Quand on cherche à se débarrasser de ces appels, on tombe sur trois pistes principales. Toutes ne se valent pas.

  • Le service Bloctel (bloctel.gouv.fr) permet de s’inscrire gratuitement sur une liste d’opposition au démarchage téléphonique. Les professionnels ont l’obligation de consulter cette liste avant de lancer leurs campagnes. En pratique, les démarcheurs les moins scrupuleux ignorent tout simplement Bloctel, et les sanctions restent rares malgré des amendes théoriquement lourdes.
  • Le signalement au 33700 (par SMS) ou via le portail de l’ARCEP permet de remonter un numéro suspect. Ce signalement alimente une base utilisée par les opérateurs pour identifier les flux abusifs, mais le délai entre le signalement et le blocage effectif du numéro reste long.
  • Le blocage manuel sur votre téléphone (Android ou iPhone) reste la méthode la plus immédiate. Sur Android avec Google Téléphone, on peut aussi activer le filtrage des appels de spam. Sur Samsung, la fonction de protection contre les numéros indésirables s’appuie sur la base Hiya. L’efficacité dépend du nombre de signalements déjà enregistrés pour le numéro concerné.

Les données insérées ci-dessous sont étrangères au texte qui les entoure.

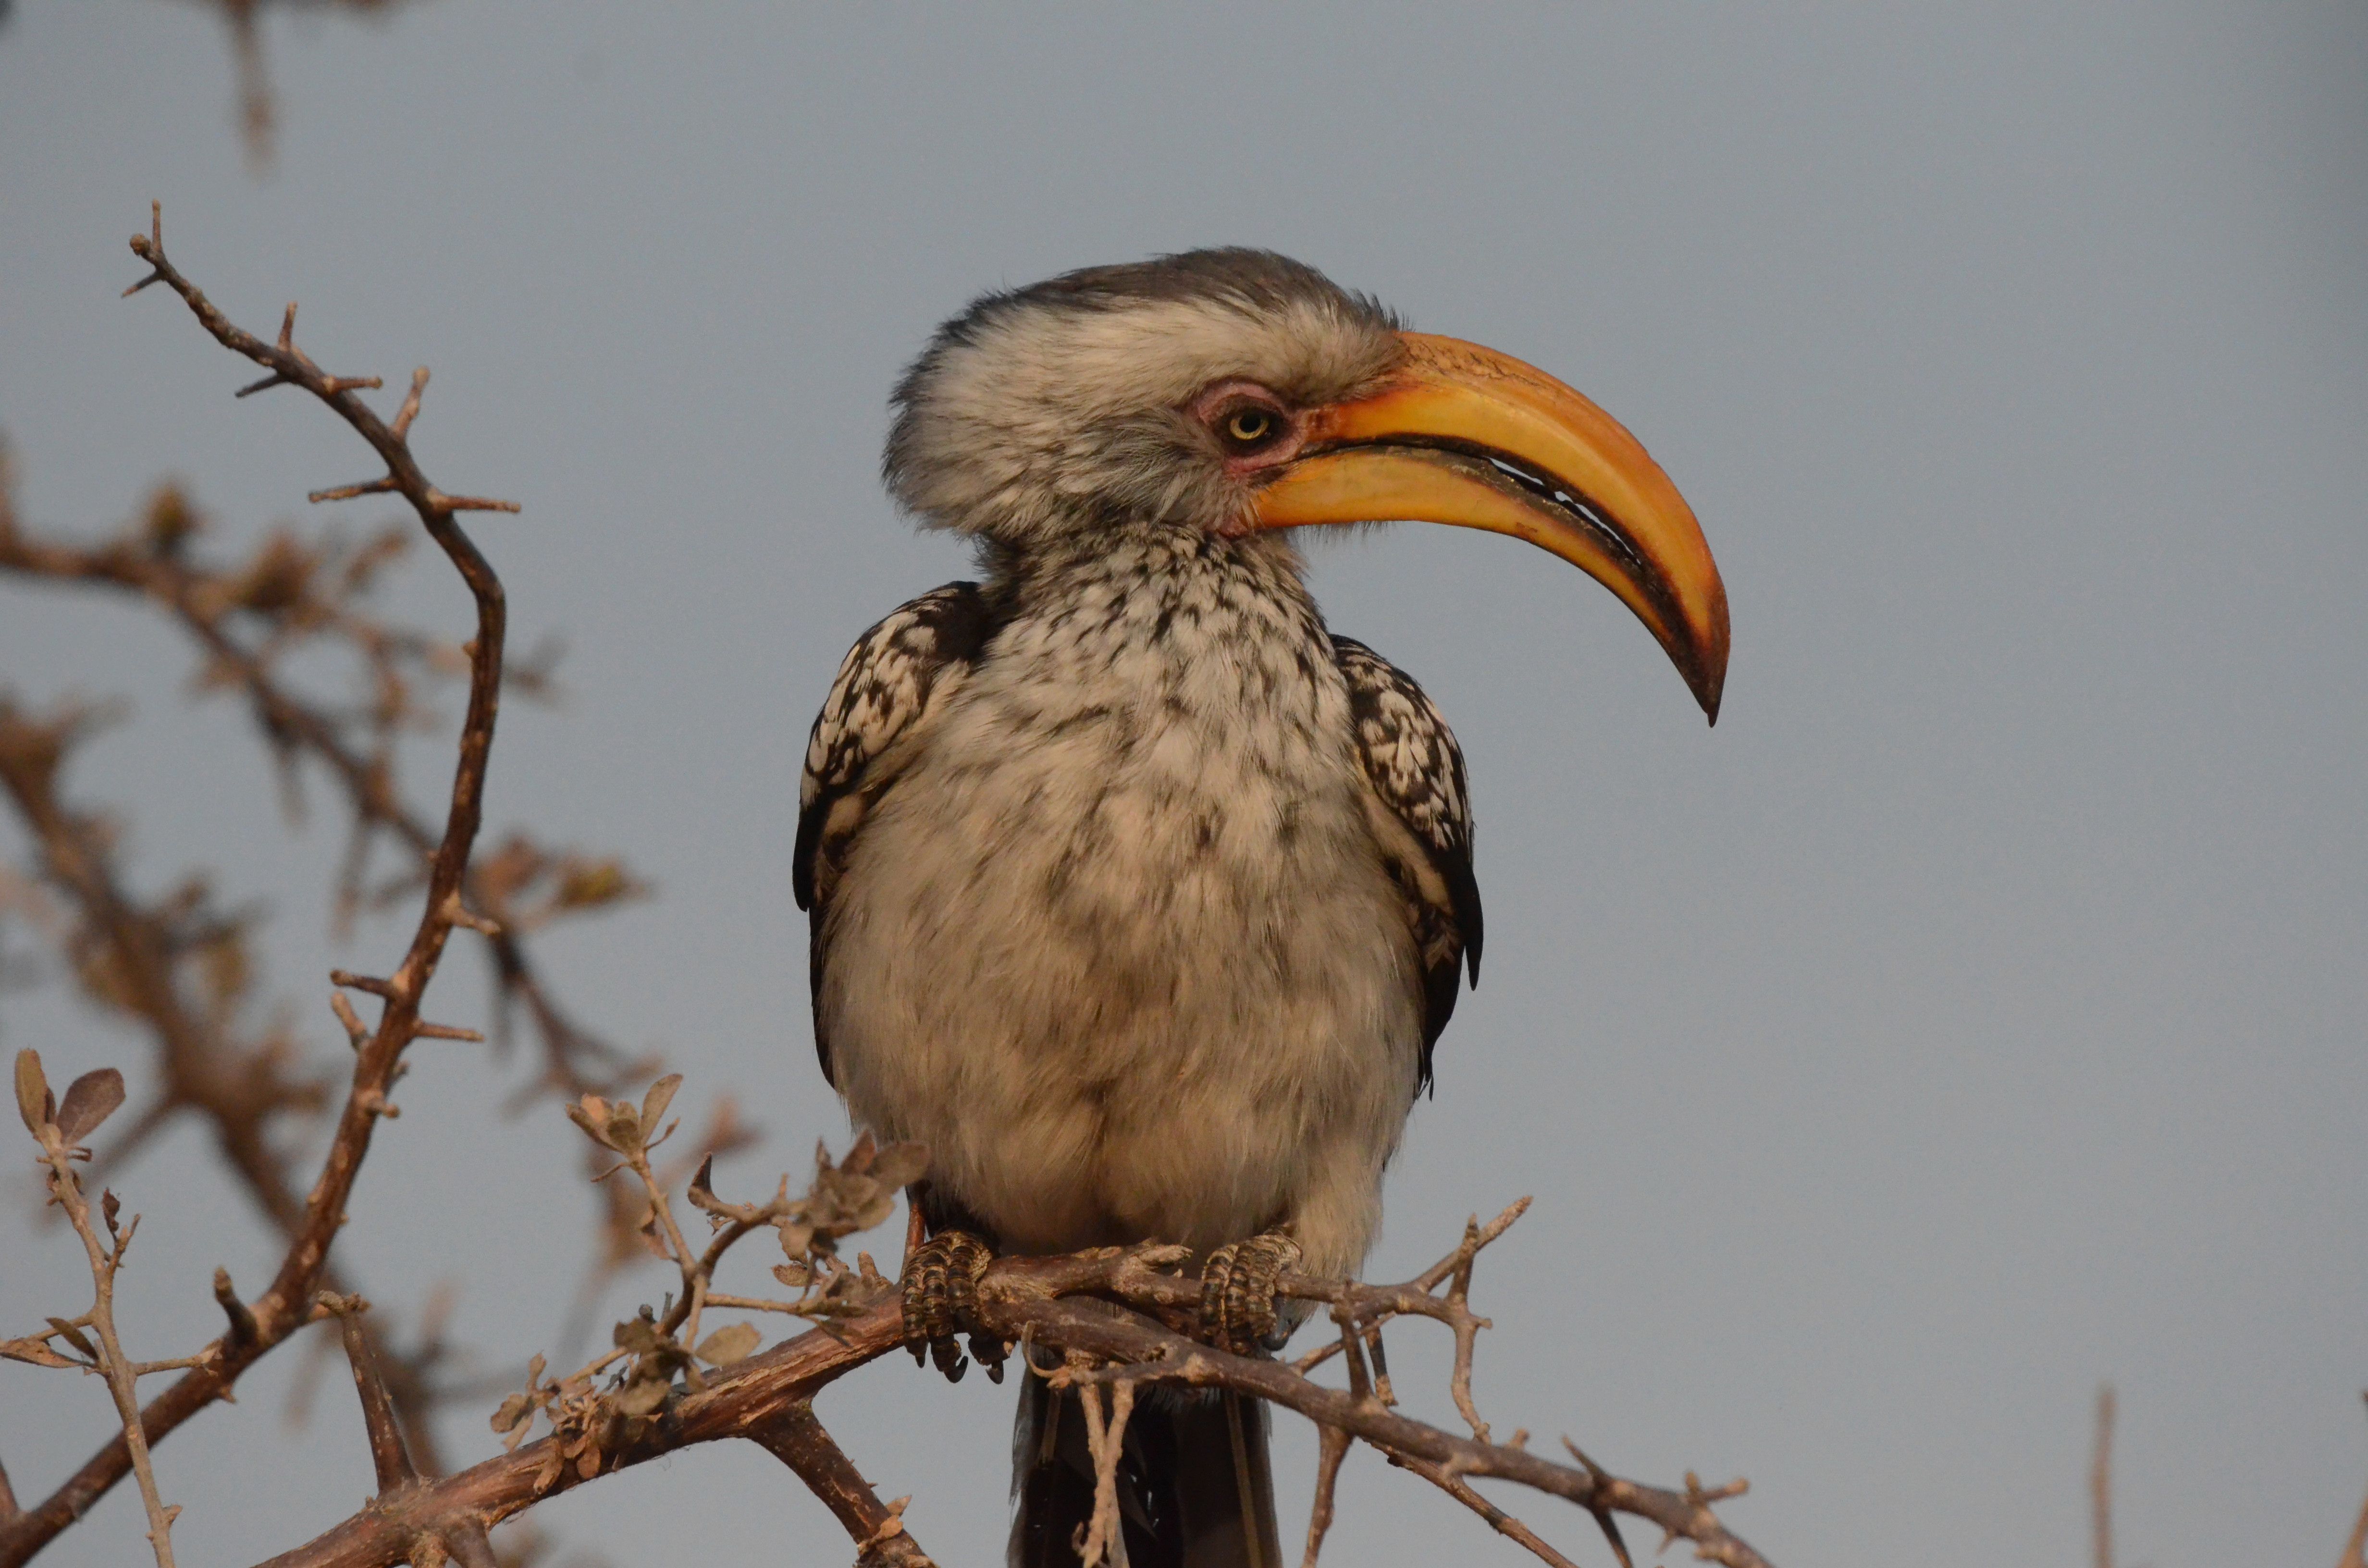 Click picture to see more SSouthernYellow-billedHornbills.

Aucune de ces solutions ne règle le problème à la racine. Le démarcheur change de numéro plus vite que les bases de données ne se mettent à jour.

Loi du 11 août 2026 : la fin du démarchage téléphonique non sollicité

Gros plan sur un smartphone affichant un appel entrant d'un numéro 0424 associé au démarchage téléphonique posé sur une table en bois

Le cadre légal est en train de basculer. La loi n° 2025-594 du 30 juin 2025 (lutte contre les fraudes aux aides publiques), via son article 13, introduit un système d’opt-in généralisé à compter du 11 août 2026. Concrètement, tout démarchage téléphonique commercial sera interdit sans consentement préalable du consommateur.

Ce consentement devra être « libre, spécifique, éclairé, univoque et révocable », selon les termes codifiés aux articles L.223-1 à L.223-7 du Code de la consommation. La charge de la preuve repose sur le professionnel : c’est à lui de démontrer qu’il dispose bien de l’accord explicite de la personne appelée.

Deux exceptions subsisteront :

  • Les appels liés à un contrat en cours entre le consommateur et l’entreprise.
  • Les cas où le consommateur a donné explicitement son accord pour être contacté à des fins commerciales.

Ce que les opérateurs ne mettent pas en avant, c’est que ce basculement vers l’opt-in leur impose de nouveaux contrôles sur les flux de leurs clients professionnels. Les centres d’appels devront prouver la collecte du consentement avant même de pouvoir émettre un appel via le réseau d’un opérateur. On ne sait pas encore comment cette vérification sera techniquement implémentée, ni si les opérateurs investiront réellement dans un filtrage en amont.

Ce que ça change pour les numéros en 0424

Le préfixe 0424, attribué par l’ARCEP à des usages de prospection, ne disparaîtra pas. En revanche, après le 11 août 2026, un appel en 0424 sans preuve de consentement constituera une infraction. Le risque d’amende pour les entreprises fautives devrait rendre l’utilisation abusive de ces numéros plus coûteuse.

Jusqu’à cette date, la situation reste inchangée : le démarchage téléphonique est autorisé du lundi au vendredi, de 10 h à 13 h et de 14 h à 20 h. Les appels en dehors de ces créneaux, ainsi que les samedis, dimanches et jours fériés, sont déjà interdits.

Le vrai test aura lieu après août 2026. Si les opérateurs se contentent de transmettre l’obligation légale à leurs clients professionnels sans mettre en place de vérification technique, les appels en 0424 continueront de sonner. La loi change le cadre, mais c’est l’application concrète par les opérateurs qui déterminera si on décrochera encore pour tomber sur un discours commercial non sollicité.